# Can parents visit Australia while waiting for their 103 visa?



## matche (Jul 27, 2010)

Hello, I am going to sponsor my parents for the visa subclass 103. I understand that it may take more than 10 years to process the visa.
My parents may visit Australia in 5 years’ time and stay for a long period (may be 2-3 years), just wondering can my parents visit Australia as a visitor, while their 103 is under processing? 
Any advice will be highly appreciated.


----------



## CCMS (Oct 10, 2013)

From DIBP web-site :

*Visitor visas for parents of Australians*

Due to the length of the permanent Parent (Migrant) visa (subclass 103) queue, and the desirability of family reunion, we might grant a more generous Visitor visa. You will automatically be considered for this if you are a parent or step-parent of:

-an Australian citizen or permanent resident.
-an eligible New Zealand citizen.

We will consider these applications on a case-by-case basis. We can grant visas that last up to:

-five years for parents outside Australia who are in the Parent (Migrant) visa (subclass 103) queue
-three years for parents outside Australia who have had a previous Australian visa and complied with the visa conditions, and either:
have not applied for a Parent visa
have applied for a Parent visa (subclass 103) but are not yet in the Parent visa queue
-18 months for parents who have not previously travelled to Australia and either:
have not applied for a Parent visa, or
have applied for a Parent visa (subclass 103) but are not yet in the Parent visa queue.

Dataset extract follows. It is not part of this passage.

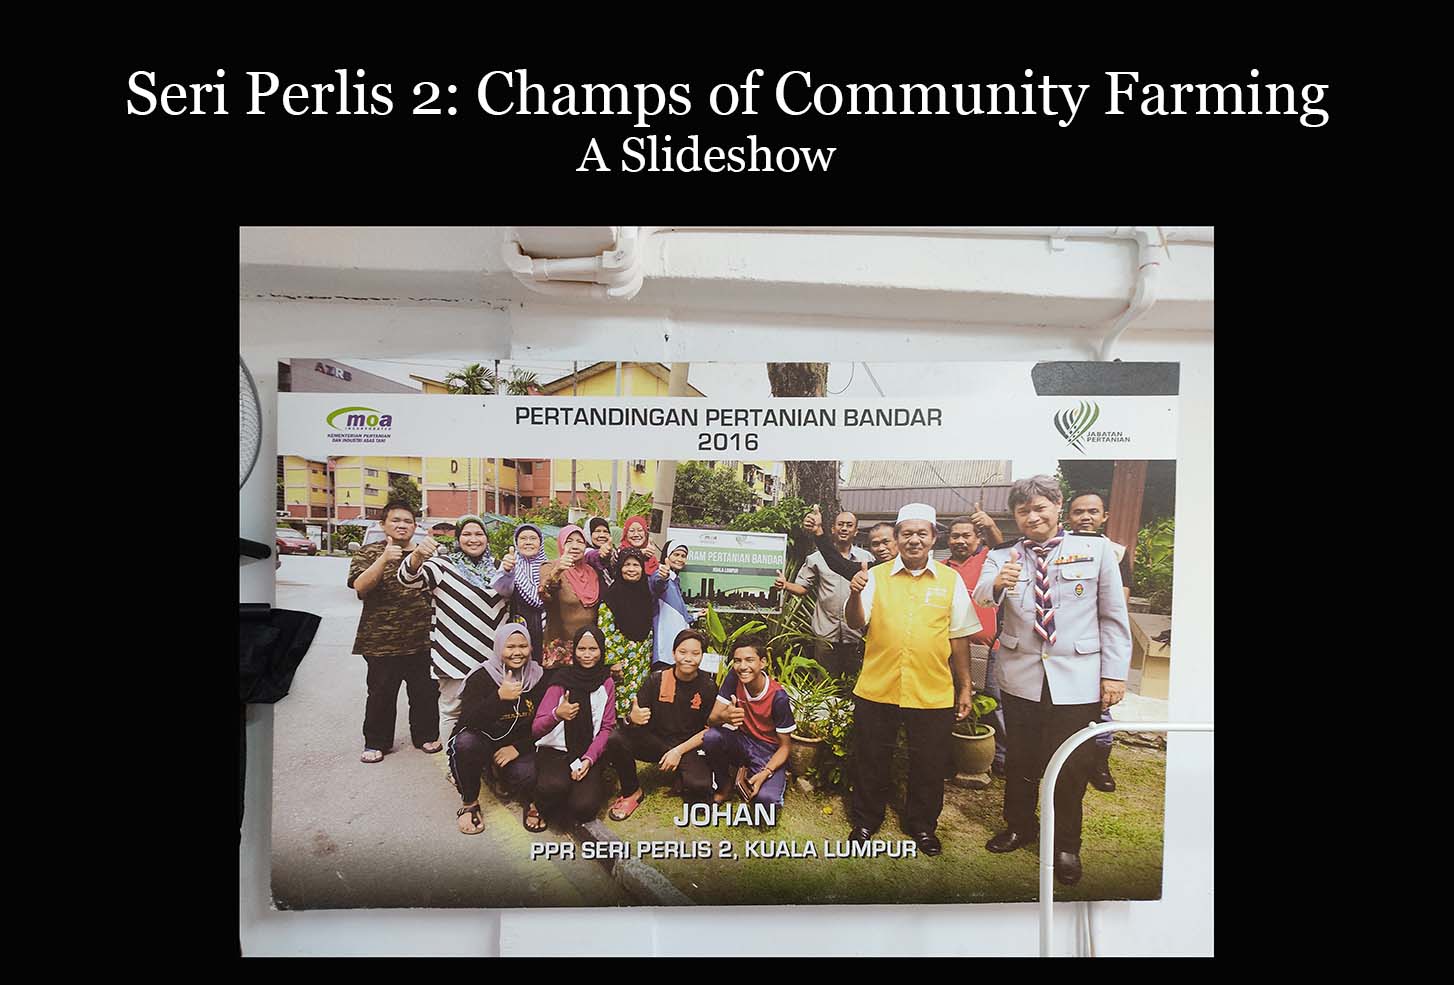 An award for community farming is framed in the Seri Perlis 2 PPR. (Tan Kai Ren)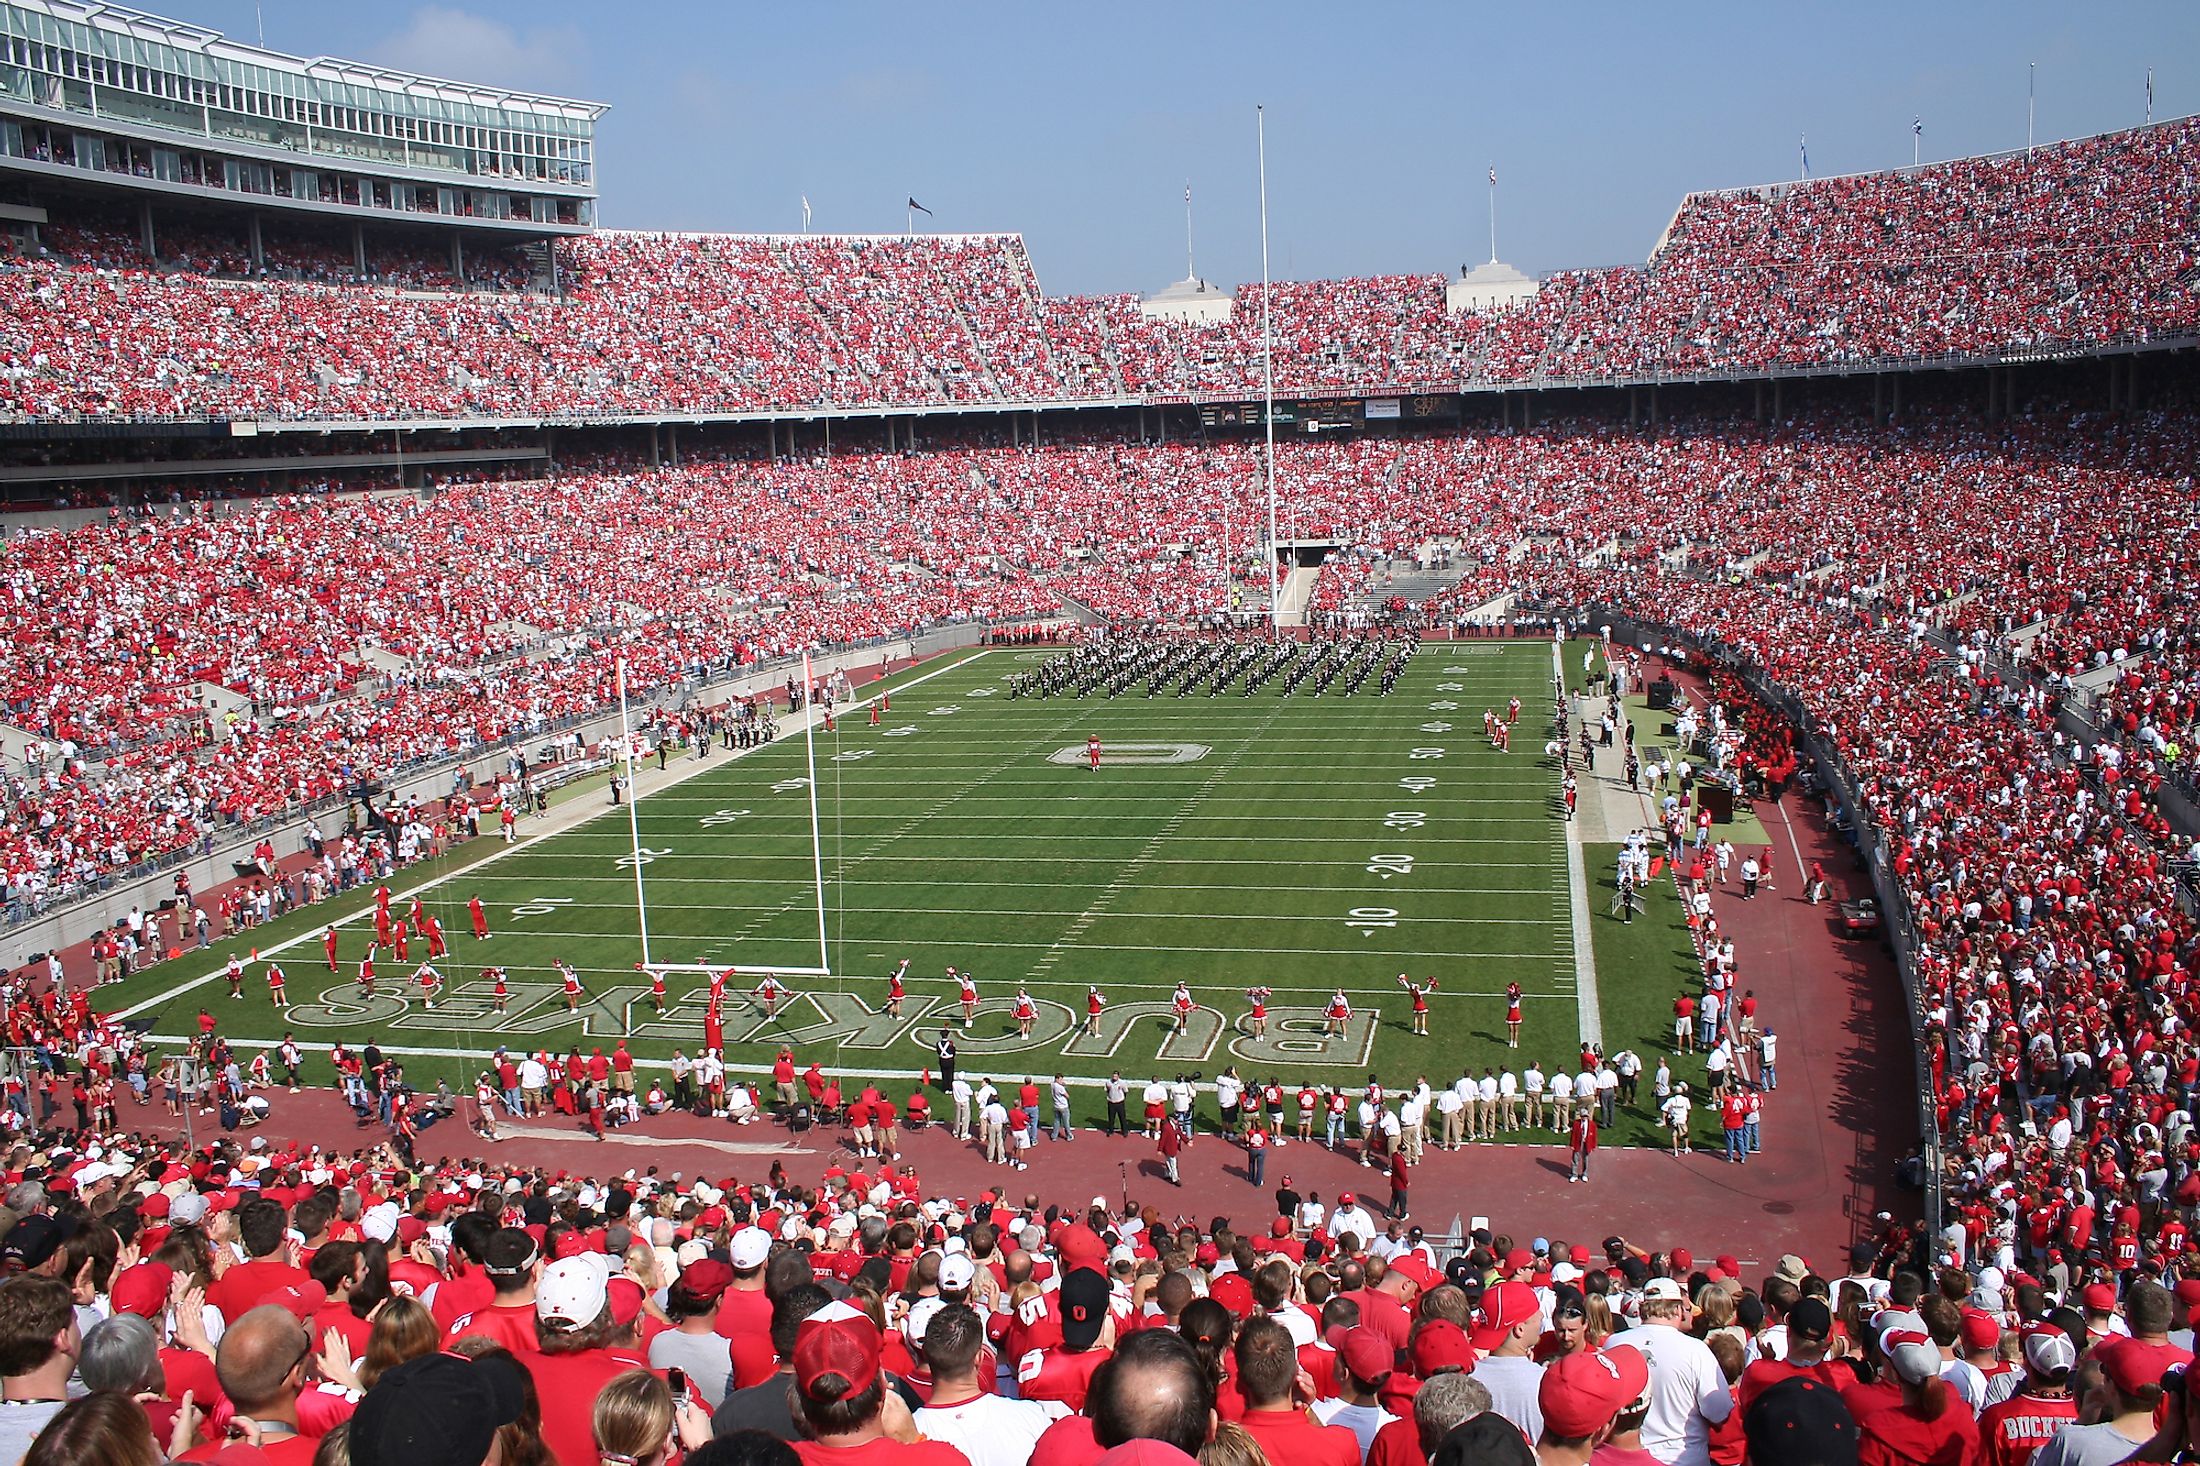 The Ohio Stadium is the world's fifth largest stadium. Editorial credit: aceshot1 / Shutterstock.com

The visa will have three extra visa conditions:

-Maximum 12 month stay in 18 months: You cannot stay in Australia for more than 12 months on any visit or for more than 12 months in any 18-month period.
-Health insurance: You must maintain fully comprehensive health insurance while you are in Australia. You could be asked to provide evidence of 12 months health insurance cover when you apply. Reciprocal health arrangements are not adequate to meet this requirement.
-No further stay: You cannot apply for a new visa while you are in Australia. You must leave Australia no later than the date on which your visa ends, except in extremely limited circumstances.


----------



## matche (Jul 27, 2010)

Thanks CCMS, do u have the URL of the quote above?? Thanks.


----------



## CCMS (Oct 10, 2013)

Visitor visa (subclass 600)


----------